IBEX PREFERENCE SHAREHOLDERS TO ACQUIRE ALL THEIR PREFERENCE SHARES, TO BE
IMPLEMENTED BY WAY OF A SCHEME OF ARRANGEMENT AND WITHDRAWAL OF CAUTIONARY
ANNOUNCEMENT

1.     INTRODUCTION

       1.1.   The board of directors of Ibex ('Board') is pleased to announce that it has resolved to
              propose a repurchase ('Proposed Repurchase') of all of the outstanding non-redeemable,
              non- cumulative, non-participating preference shares with a par value of R0.001 each in the
              issued share capital of Ibex ('Preference Shares') through an offer to the holders of
              Preference Shares ('Preference Shareholders') to acquire all of their Preference Shares
              ('Scheme Shares') for a cash consideration of R93.50 (9350.00000 cents) per Scheme
              Share plus an amount equal to the preference dividend that would have been calculated on
              a Scheme Share from 1 January 2024 up to the operative date of the Scheme, expected to
              be on Monday, 24 June 2024 ('Scheme Operative Date') (as if the Scheme Operative Date
              is the end of a dividend period in terms of the rights attaching to the Preference Shares)
              expected to bring the total Scheme Consideration to R98.1742 (9817.42465 cents) ('Scheme
              Consideration'), by way of a scheme of arrangement in accordance with the provisions of
              section 114(1) and section 115(2)(a) of the Companies Act, No. 71 of 2008, as amended
              ('Companies Act') ('Scheme'), which if successfully implemented will result in all the
              Preference Shares being repurchased, cancelled and removed from the issued preference
              share capital of Ibex and subsequently delisted from the securities exchange operated by the
              JSE Limited ('JSE').

       1.2.   The contents of this announcement ('Firm Intention Announcement') constitute a firm
              intention by Ibex to propose an affected transaction as contemplated in Chapter 5 of the
              Companies Act and Chapter 5 of the Companies Regulations, 2011, promulgated under the
              Companies Act (which includes the 'Takeover Regulations' issued pursuant to sections
              120 and 223 of the Companies Act) ('Companies Regulations').

       1.3.   Ibex has constituted an independent board of directors of the Company ('Independent
              Board') for purposes of the Proposed Repurchase, including, for the purposes of evaluating
              the fairness and reasonableness of the terms and conditions of the Scheme and advising
              Shareholders thereon, as required by the Companies Act and the Takeover Regulations. The
              Independent Board comprises of Moira Moses, Alexandra Watson, David Pauker and Paul
              Copley.

       1.4.   The purpose of this Firm Intention Announcement is to advise Shareholders of the Proposed
              Repurchase and specifically the terms and conditions of the Scheme.
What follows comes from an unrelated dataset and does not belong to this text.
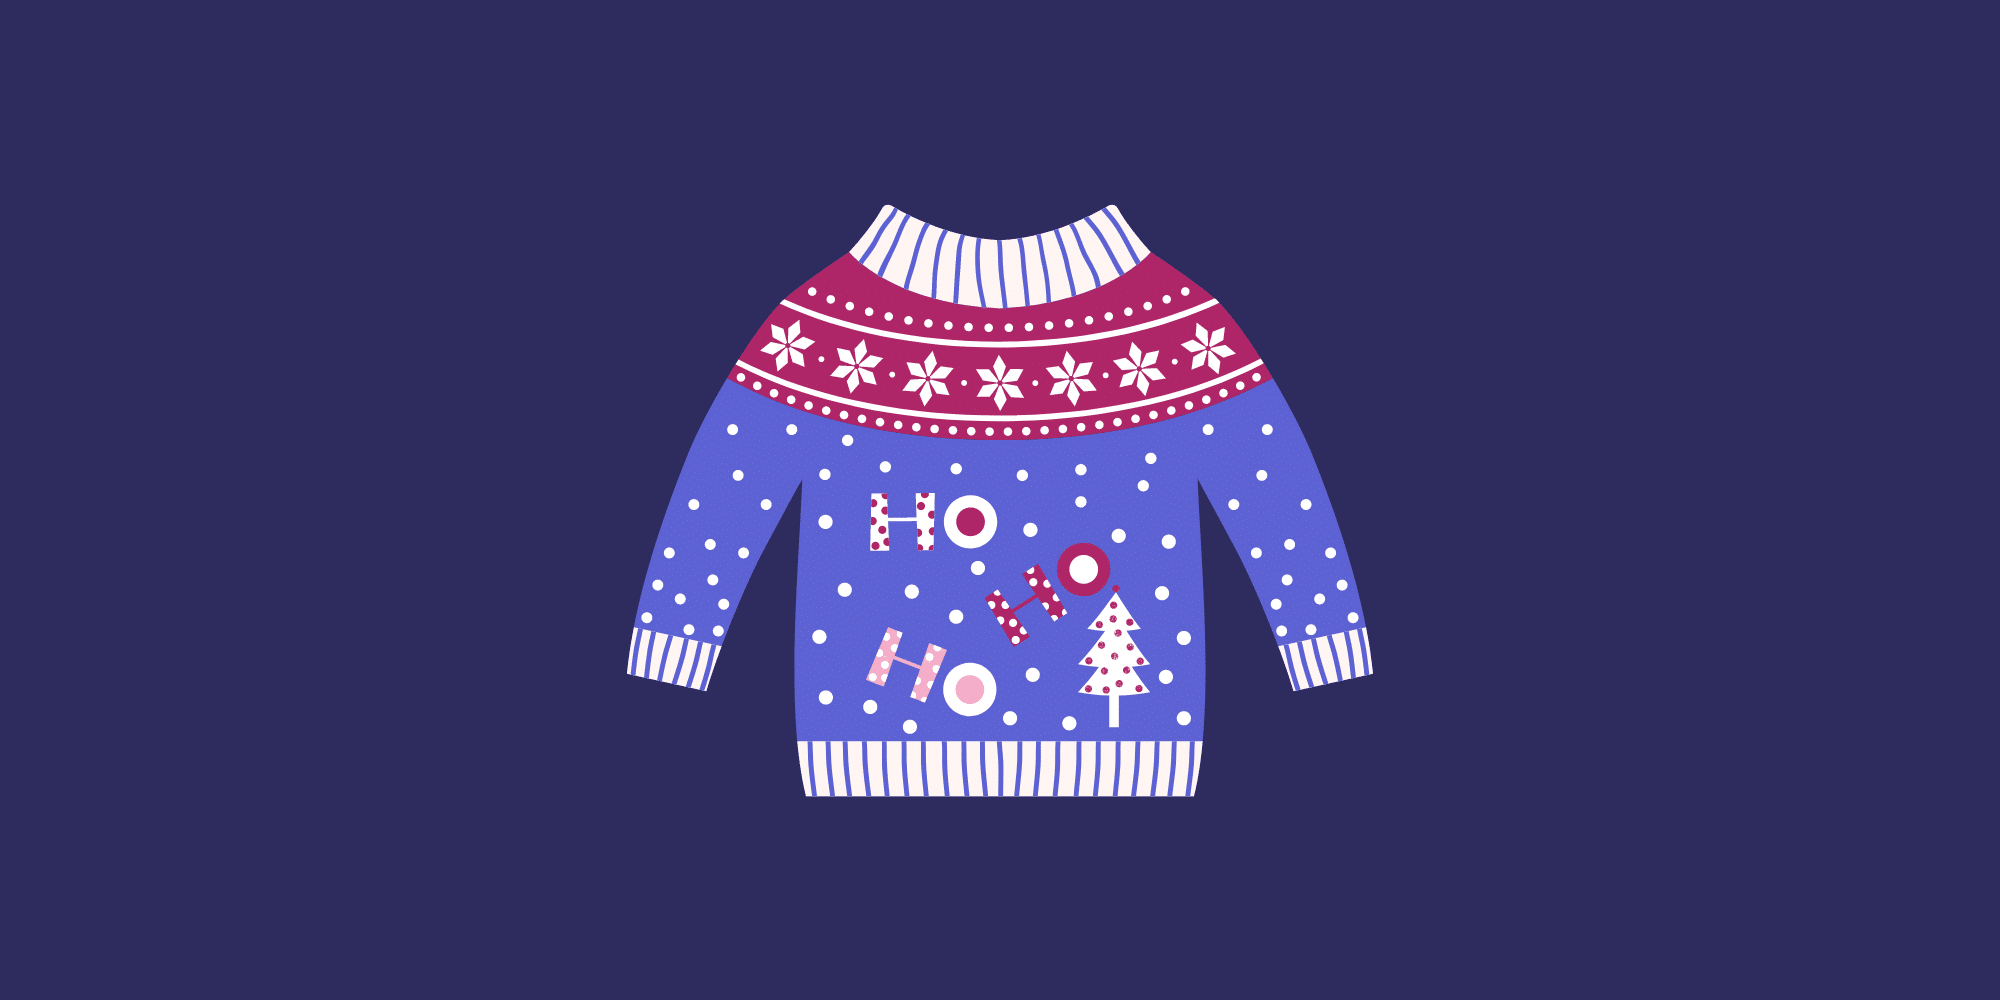 ugly-christmas-sweaters

       1.5.   A circular providing full details of the Scheme will be distributed to Shareholders on Thursday,
              2 May 2024 ('Circular') as more fully set out in paragraph 10 below.

       1.6.   The dividend declaration announced on the JSE Stock Exchange News Service ('SENS') on
              Friday, 5 April 2024 is in respect of the dividend period 1 July 2023 to 31 December 2023
              (payable on Monday, 29 April 2024 to Preference Shareholders registered in the securities
              register of Ibex at the close of business on Friday, 26 April 2024) and therefore will not be
              impacted by the Proposed Repurchase.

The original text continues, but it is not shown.